Bower, taking the stage first, emphasized the need to make learning relevant, a key factor—perhaps the key factor—in “creating a joyful and engaging (and sometimes messy) learning experience.” 

Why is relevance so important? Bower tied it to the specific developmental needs of this age group. “We know from the research on adolescent development that intellectual development at this stage of adolescence, while not as visible as physical, is just as intense,” he said. “Students at this age tend to be curious and want to learn about topics they find interesting and useful.” Bower shared student survey data from a science course showing 100% of students strongly agreed that the teacher connected skills and concepts to the real world. Bower also highlighted the expertise of humanities faculty who redesigned a unit in the Grade 7 curriculum in real time last fall to incorporate the unfolding Middle East crisis. 
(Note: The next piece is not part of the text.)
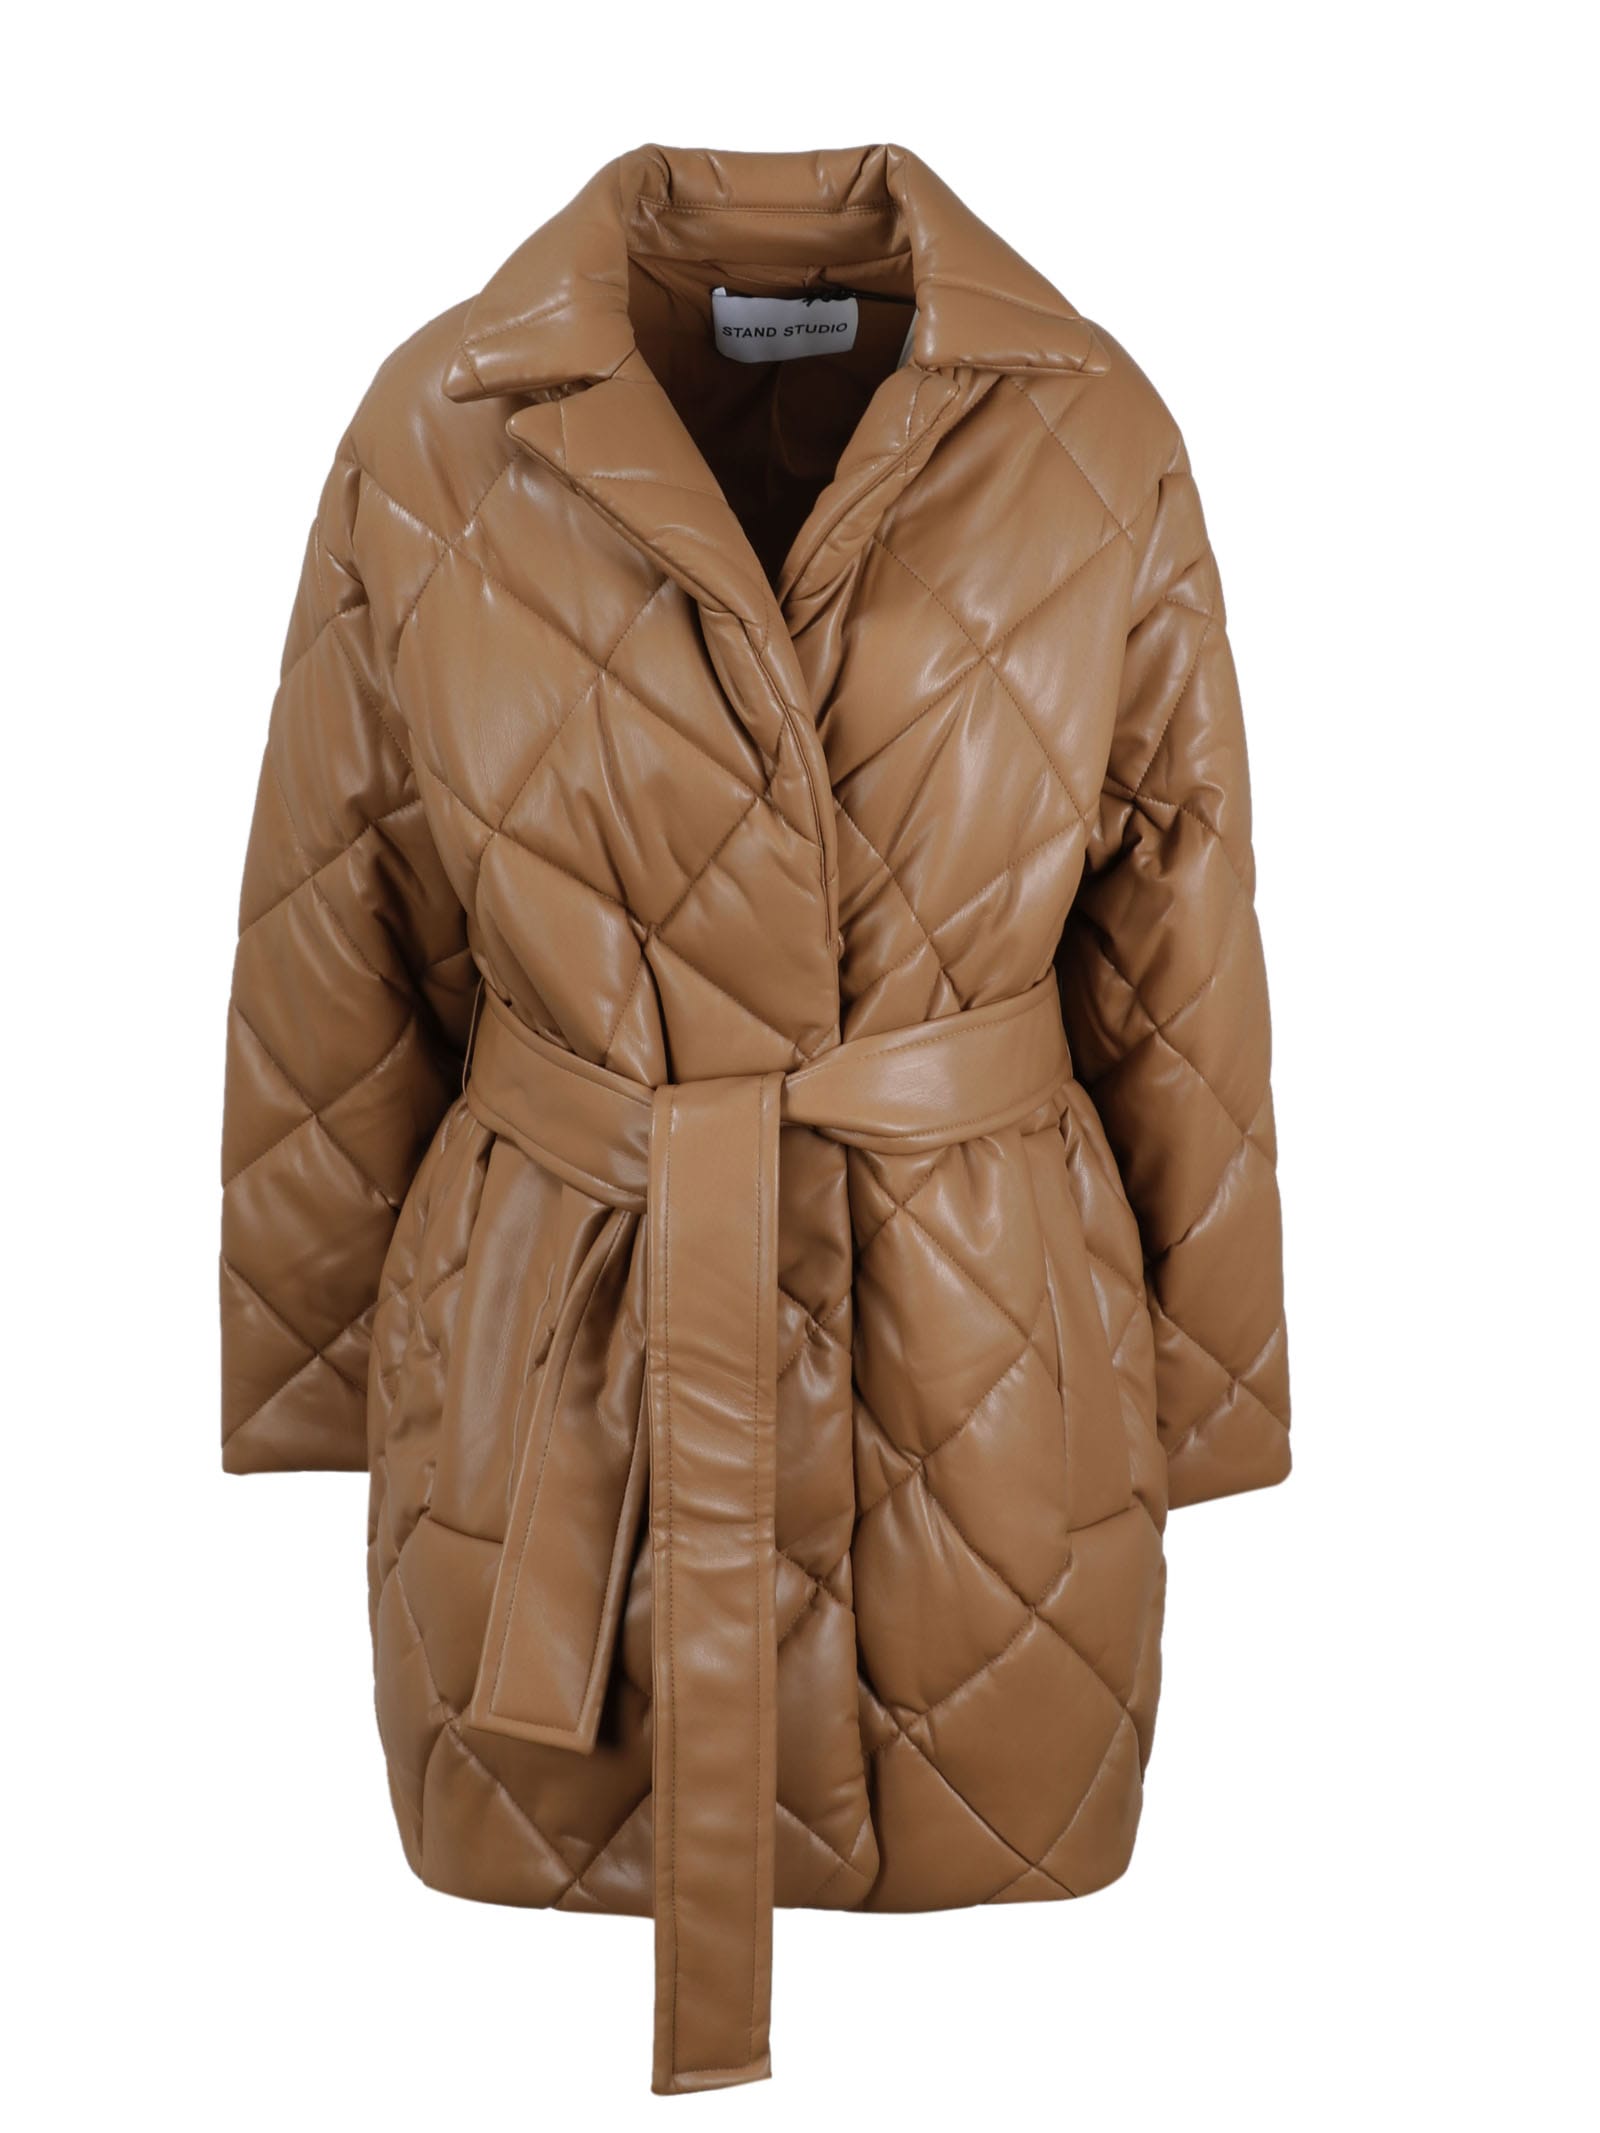 STAND STUDIO Maxim Quilted Jacket

Bower concluded with a slide showing students literally supporting one another as they climbed ladders as part of an outdoor-education retreat earlier this year. The ladder, he said, might symbolize what goes on in Middle School classrooms: “Our teachers construct the opportunities—to take on a challenge, to collaborate, to problem-solve—and, like the person at the bottom of the ladder, they provide the support. But ultimately the students need to lean into the discomfort, take the risks, and do the work that gets them through the challenge and solidifies their growth.”

The ladder also serves as a metaphor for the collaboration between Anderson and himself, he said, as he invited Anderson to the stage to talk about the Upper School. 

Anderson’s message was clear: While the Upper School curriculum is rigorous and places great demands on our students, the hard work is undergirded with community, connection, and support. “Learning starts with belonging; rigor should be embedded in joy; students need oxygen to grow; this is how Excellence with Humanity should look at Rivers,” said Anderson.

She shared a pie chart illustrating how students typically divide their time during the school day.  Anderson described coming modifications to the program, such as reducing the size of Grade 9 wellness groups and shifting the emphasis in the Grade 10 Foundations course to amplify direct engagement opportunities. She touched on new offerings that increase curricular enrichment, such as a creative writing program launched this year and a pilot program for 11th graders in life science research leading into a Grade 12 advanced science research seminar. “Always,” she concluded, “we’ll strive for responsible program growth in the context of our core mission: to provide an excellent learning experience for our students, humanely and thoughtfully delivered.”

With that, Dahlem returned to the podium to speak about laying the groundwork for the school’s next chapter. He shared a graphic that enumerated the inputs that will inform the next strategic plan, including the AISNE accreditation process, a market research study, a campus master plan refresh, a mission and core values review, and a strategic planning summit next fall. Dahlem presented a broad timeline for these efforts, culminating in a finalized strategic plan in the spring of 2025.

As Dahlem looked toward the future, he noted the wisdom he’d gleaned from an early conversation with student-body co-presidents Leila Saponaro ’24 and Jack Renaud ’24, who advised him to “make Rivers even more Rivers.” Dahlem concluded by sharing his excitement about being at Rivers and invited community members to join in the aspirational journey ahead that will continue the school’s remarkable trajectory. Dahlem closed the program to applause with a spirited “Go Red Wings!”